▶ Task requirements:
With the images removed, write out every line below exactly.

▶ Data:
──────────────────────────────

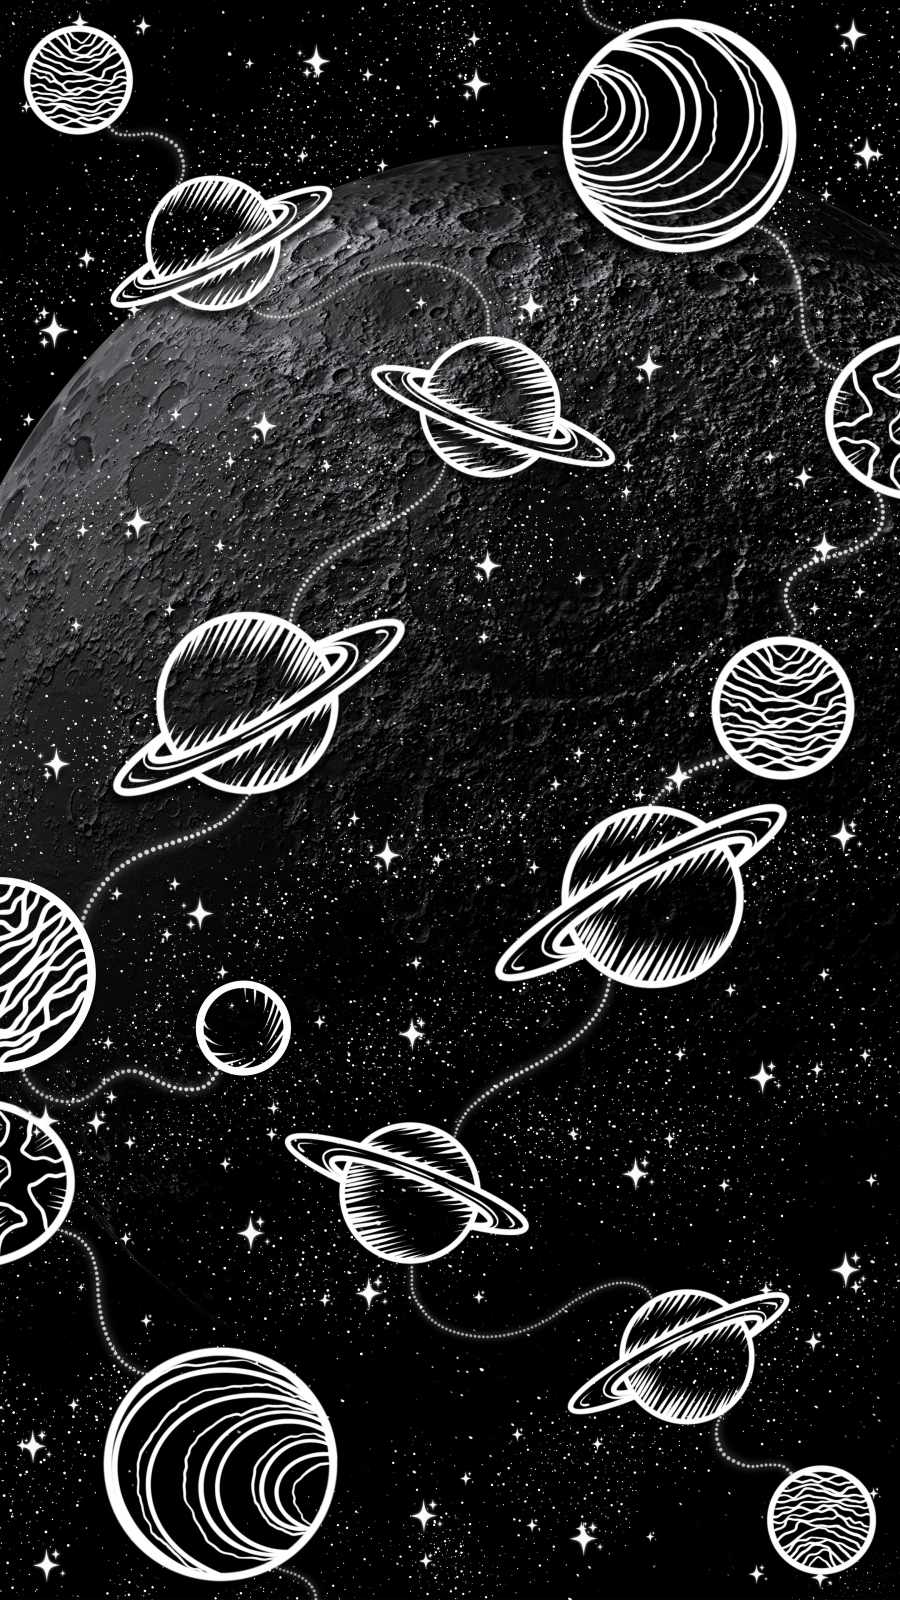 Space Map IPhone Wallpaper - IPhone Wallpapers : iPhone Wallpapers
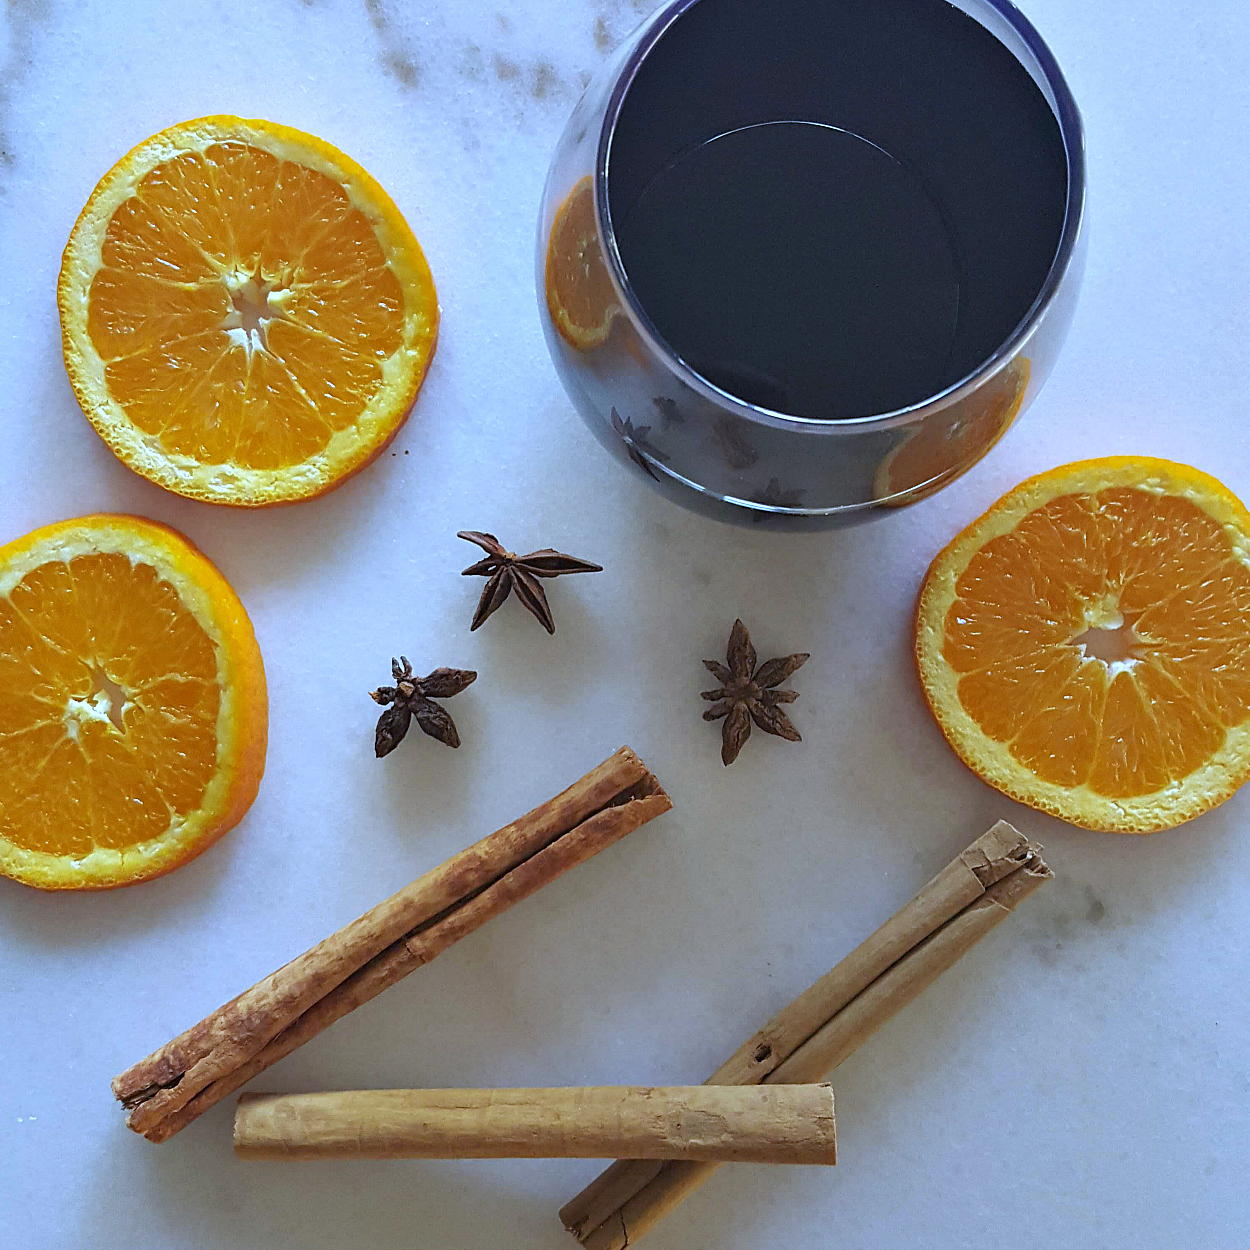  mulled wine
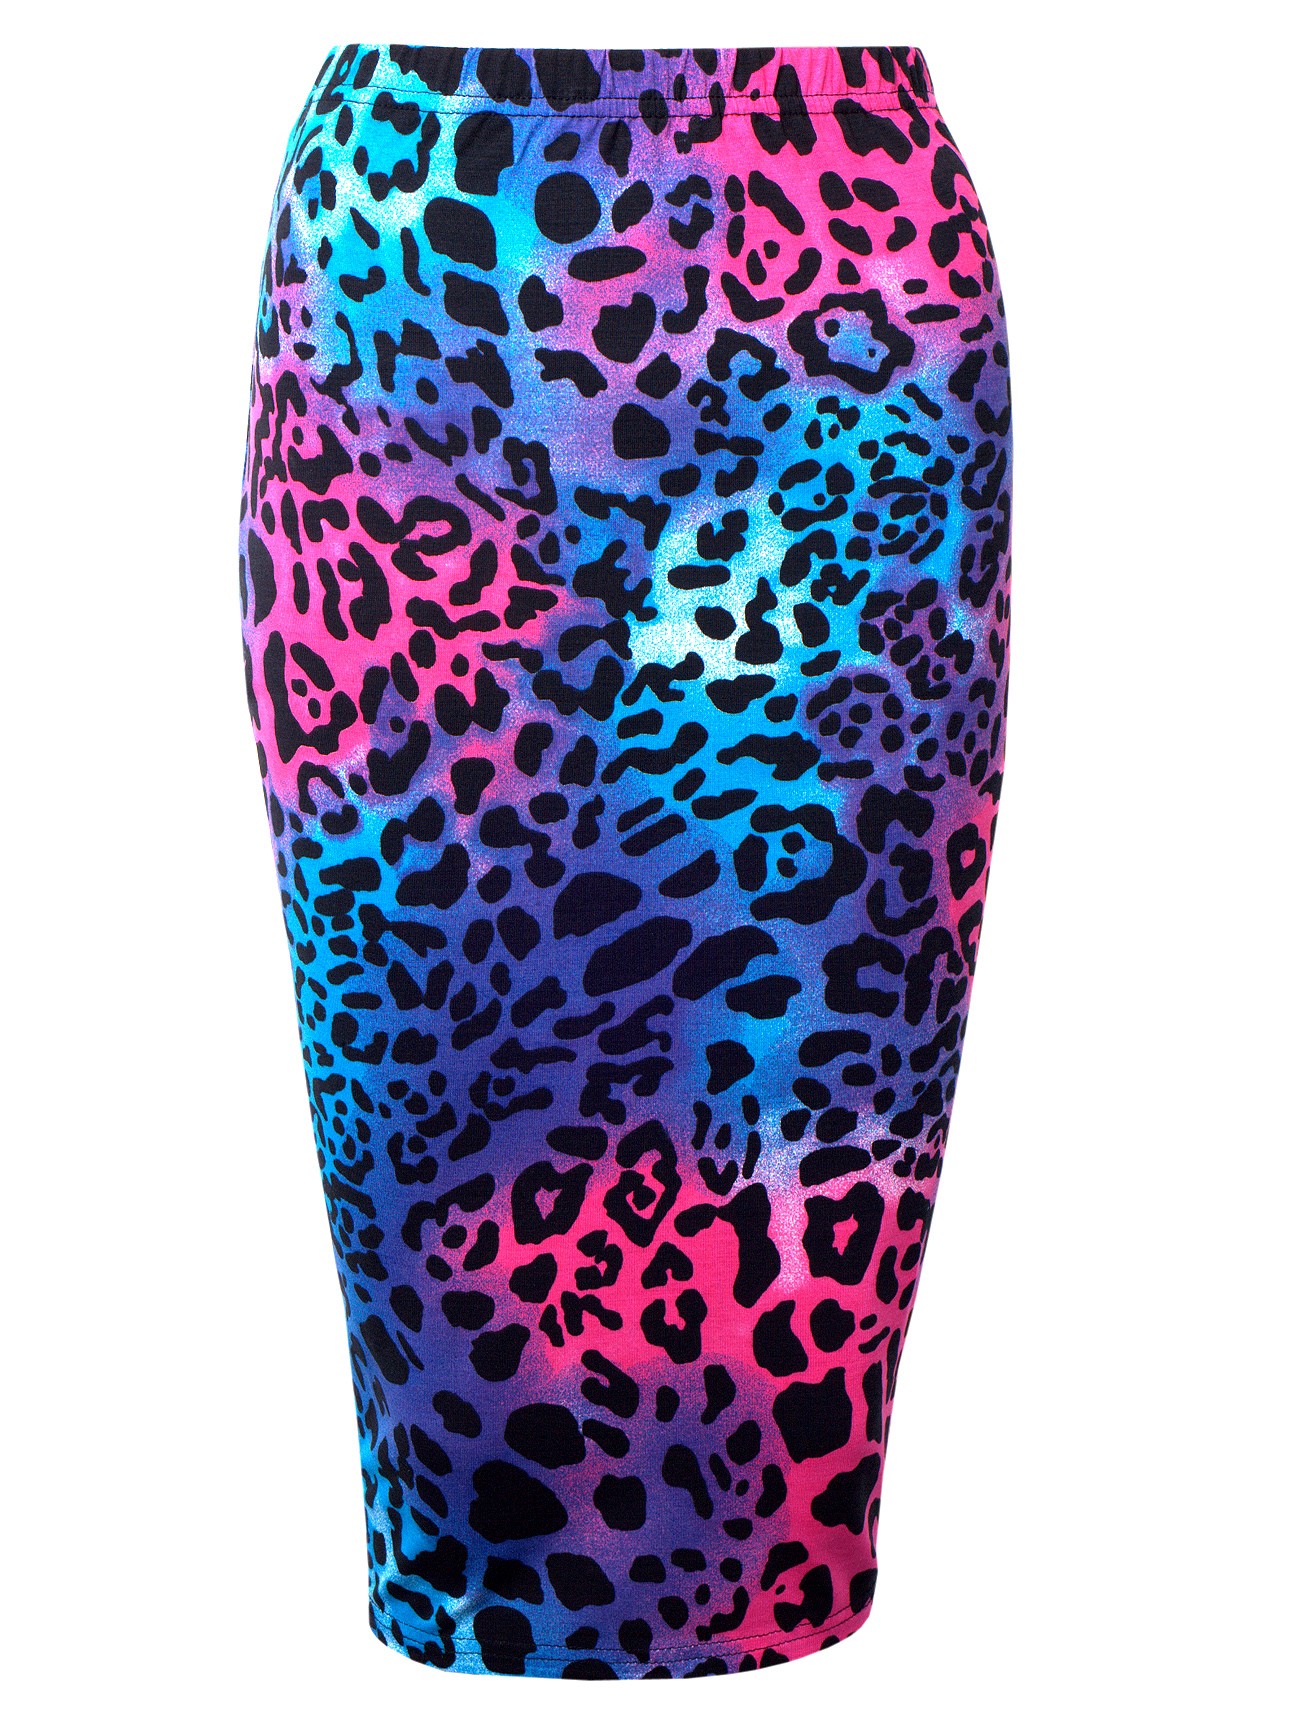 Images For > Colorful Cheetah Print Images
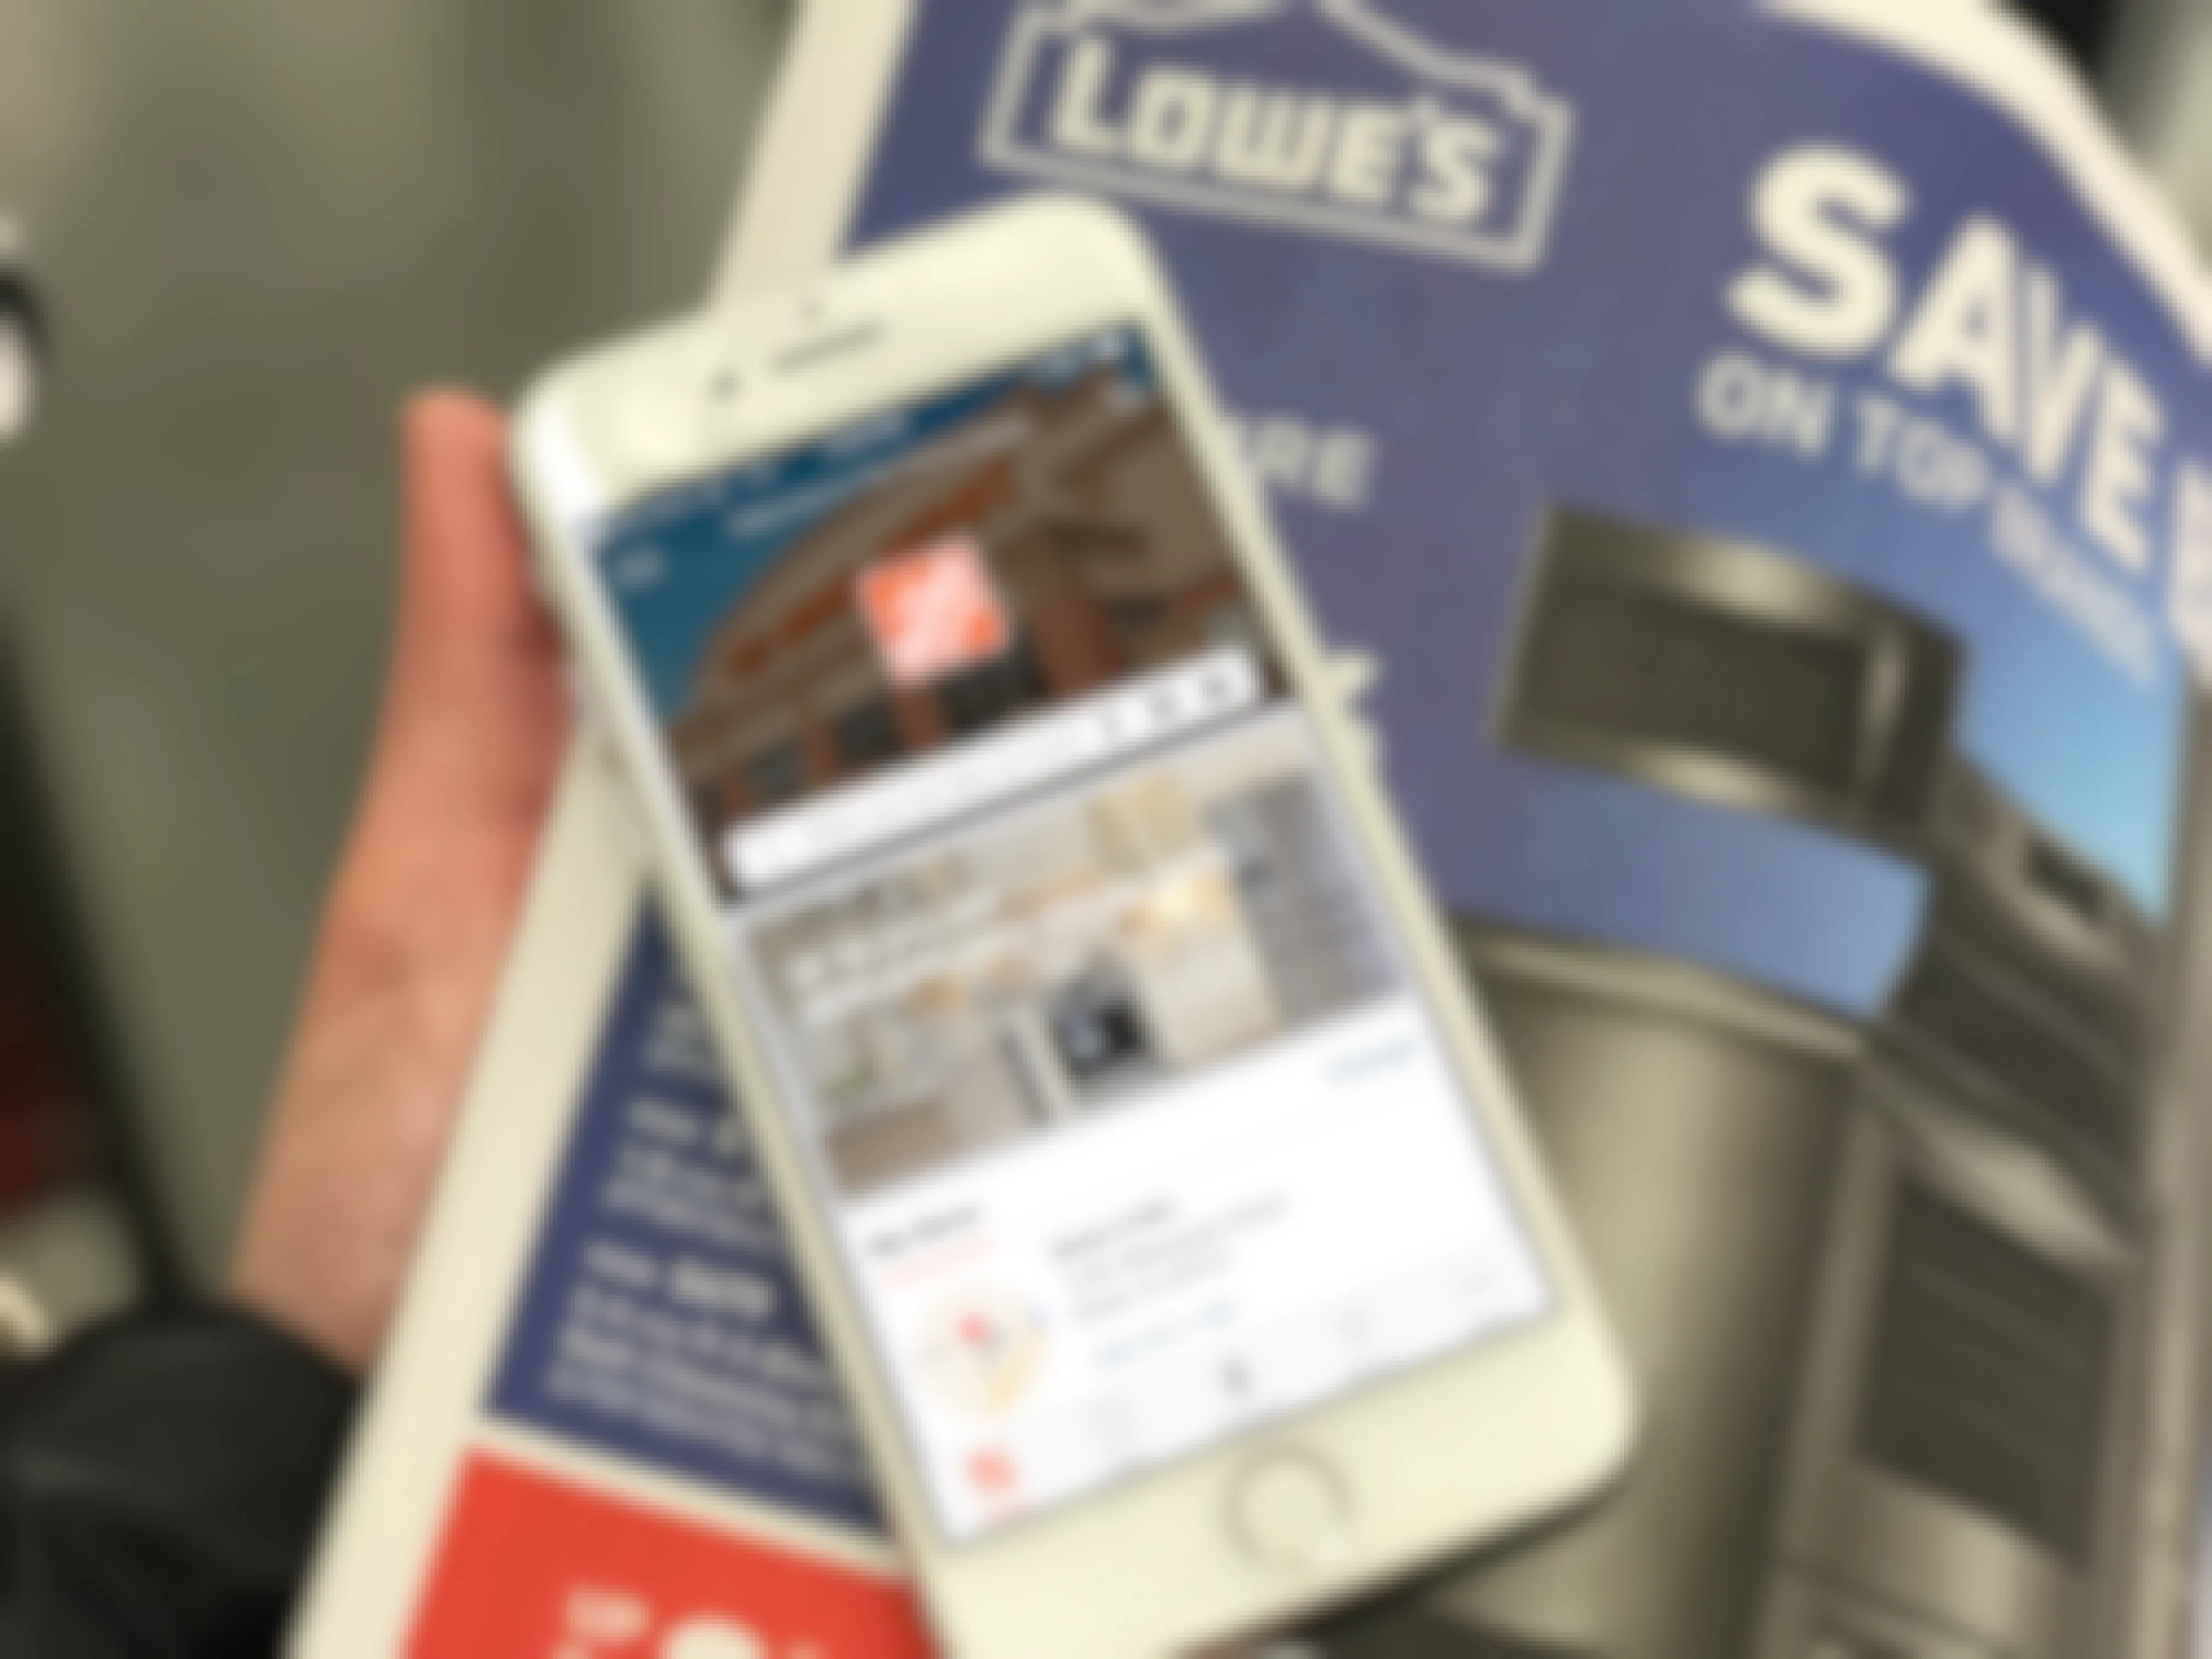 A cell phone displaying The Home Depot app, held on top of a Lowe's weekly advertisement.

──────────────────────────────

▶ Response box:
 Space Map IPhone Wallpaper - IPhone Wallpapers : iPhone Wallpapers
  mulled wine
 Images For > Colorful Cheetah Print Images
 A cell phone displaying The Home Depot app, held on top of a Lowe's weekly advertisement.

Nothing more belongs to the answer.